- [Data excerpt]
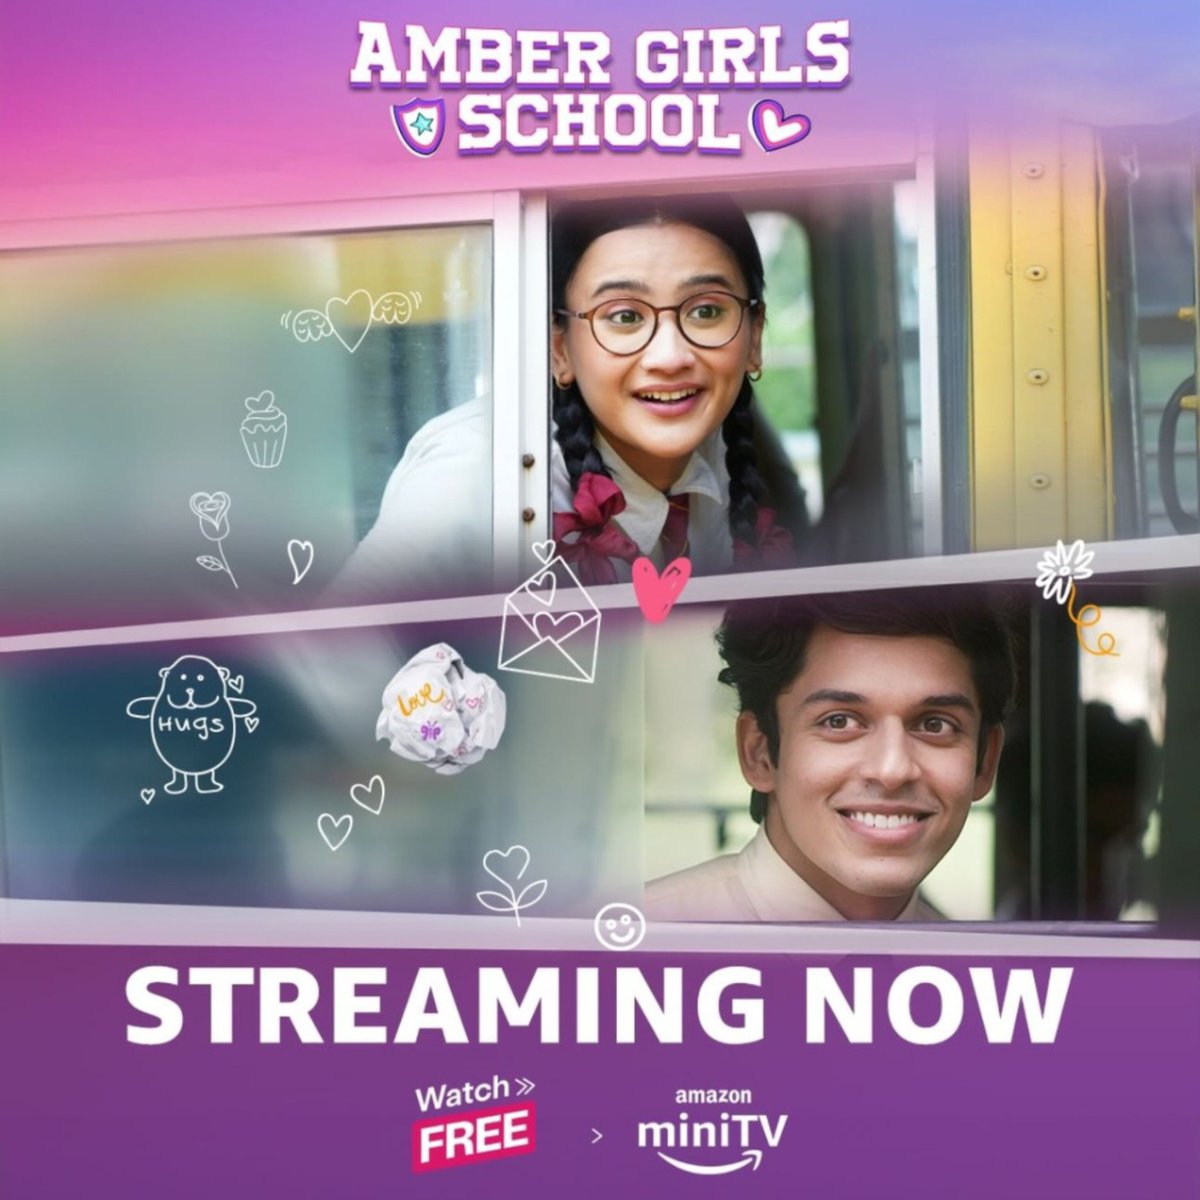 New Series #AmberGirlsSchool Streaming Now On #AmazonMiniTV Free.
Starring: #CelestiBairagey, #KajolChugh, #ShrutiPanwar, #HarshKhurana, #IshikaGagneja, #AdrijaSinha, #SamairaJain, #KeshavMehta & More.
Directed By #RajlaxmiRatanSeth.

#AmberGirlsSchoolOnAmazonminiTV #MovieSpy

- [Exercise prompt] Repeat exactly the lines above from the line that contains "Directed By #RajlaxmiRatanSeth." through the end. Include both of these ends; leave out everything else.

- [Written answer]
Directed By #RajlaxmiRatanSeth.

#AmberGirlsSchoolOnAmazonminiTV #MovieSpy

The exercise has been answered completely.